Keywords: Abdominal muscles, spinal loading, biomechanics
INTRODUCTION
The roles of abdominal muscles and of intra-abdominal pressure (IAP) remain enigmatic, especially the apparently antagonistic activation of abdominal muscles during extension efforts. This uncertainty has led to controversy about appropriate lifting techniques and rehabilitation exercises for people with back pain, and whether use of corsets has prophylactic value. Abdominal pressurization associated with abdominal muscle activation has been thought to be beneficial by producing spinal unloading during extension efforts [Morris et al. 1961, Arjmand and Shirazi-Adl 2006, Daggfeldt and Thorstensson 1997, Hemborg et al. 1985, Hodges et al. 2001]. Furthermore, it has been proposed that the added muscular stiffness associated with muscle co-activation provides increased stability of the trunk [Cholewicki et al. 1999a, Essendrop et al. 2002, Gardner-Morse and Stokes 1989, Hodges et al. 2003, Tesh et al. 1987]. Training of these muscles is included in exercise regimens for people with low back pain, based on these presumed beneficial effects. The supposed spinal unloading effect of IAP in lifting (extension) efforts results from the pressure acting on the diaphragm and pelvic floor (producing an extension moment) but must be offset against the flexion moment generated by the activation of abdominal musculature. However, it is thought that the resultant is a net extension moment [Morris et al. 1961], although the biomechanical basis for this has been questioned [McGill and Norman 1987]. The supposed stabilizing effect of activation of the abdominal wall muscles is a consequence of the stiffness of activated muscle [Bergmark 1989]. Experimental studies have supported this idea [Cresswell and Thorstensson 1994, Cholewicki et al. 1999b, Stokes et al. 2000]. Simplified biomechanical analyses of spinal buckling have also quantified the added stability [Cholewicki et al. 1999a, Gardner-Morse and Stokes 1989].
Experimentally, little or no decrease in dorsal muscle activation (where reduced muscle activation implies spinal unloading) has been reported in studies of live humans with voluntary augmentation or inhibition of abdominal muscle activation [Krag et al. 1986, Nachemson et al. 1986]. However, these contrived experiments are not necessarily a realistic representation of normal physiological recruitment of abdominal muscles.

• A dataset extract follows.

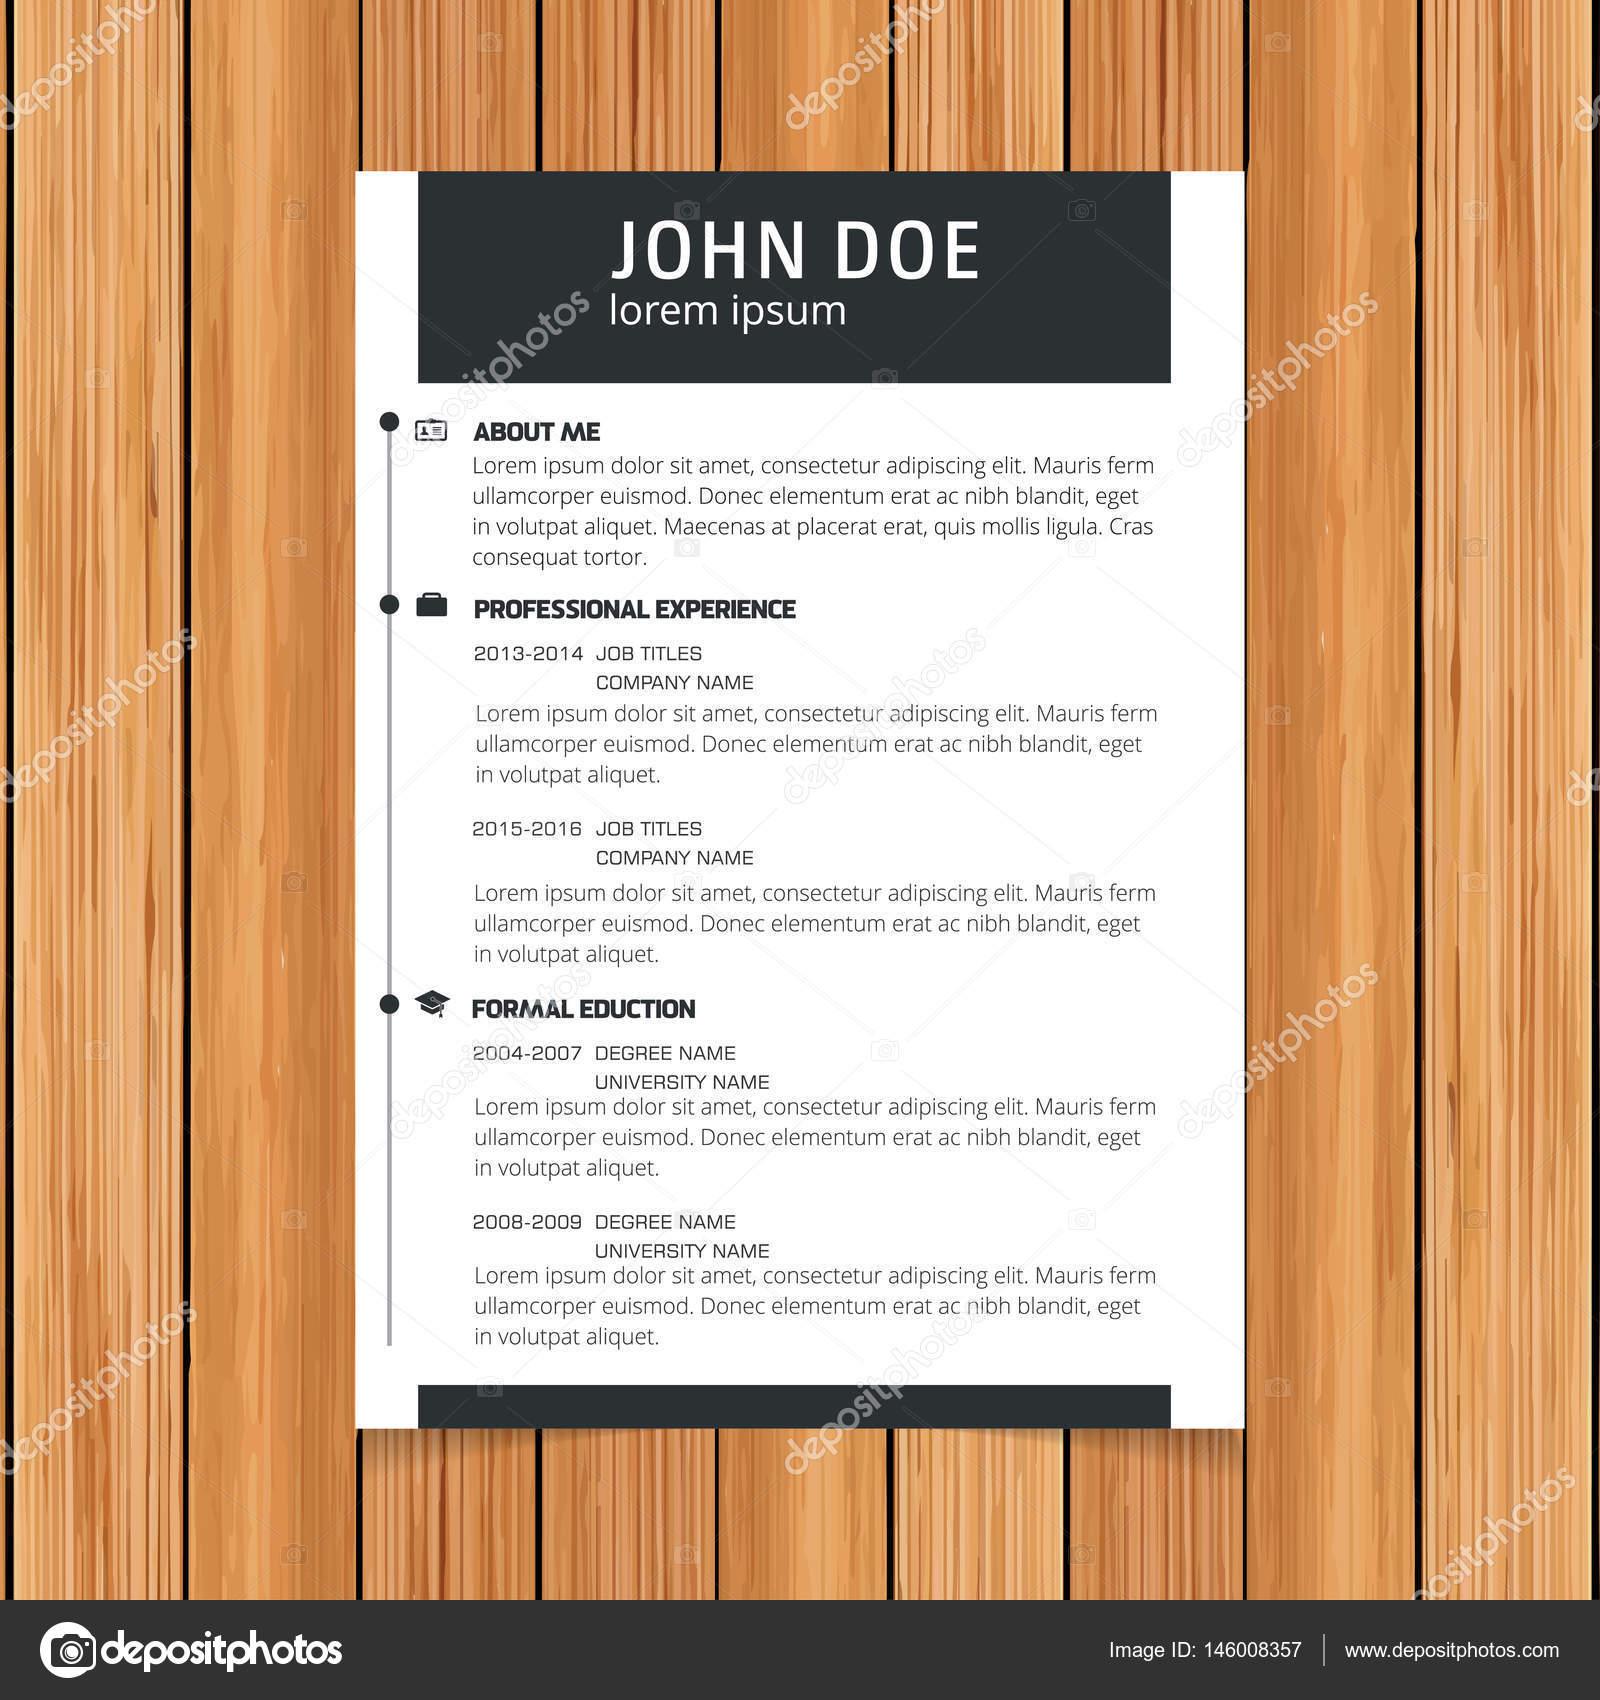 Plantilla de curriculum vitae para solicitudes de empleo — Vector de ...

Increased spinal extension moment (implying spinal unloading) was recorded when intra-abdominal pressure was increased in experimental subjects by stimulating the phrenic nerve to induce diaphragm contraction [Hodges et al. 2001]. Therapeutically, one supposed effect of wearing a lumbar corset or belt is to facilitate abdominal pressurization, and hence produce spinal unloading and also increased stability [Ivancic et al. 2002, McGorry and Hsiang 1999, Miyamoto et al. 1999, Woodhouse et al. 1995, Cholewicki et al. 1999b].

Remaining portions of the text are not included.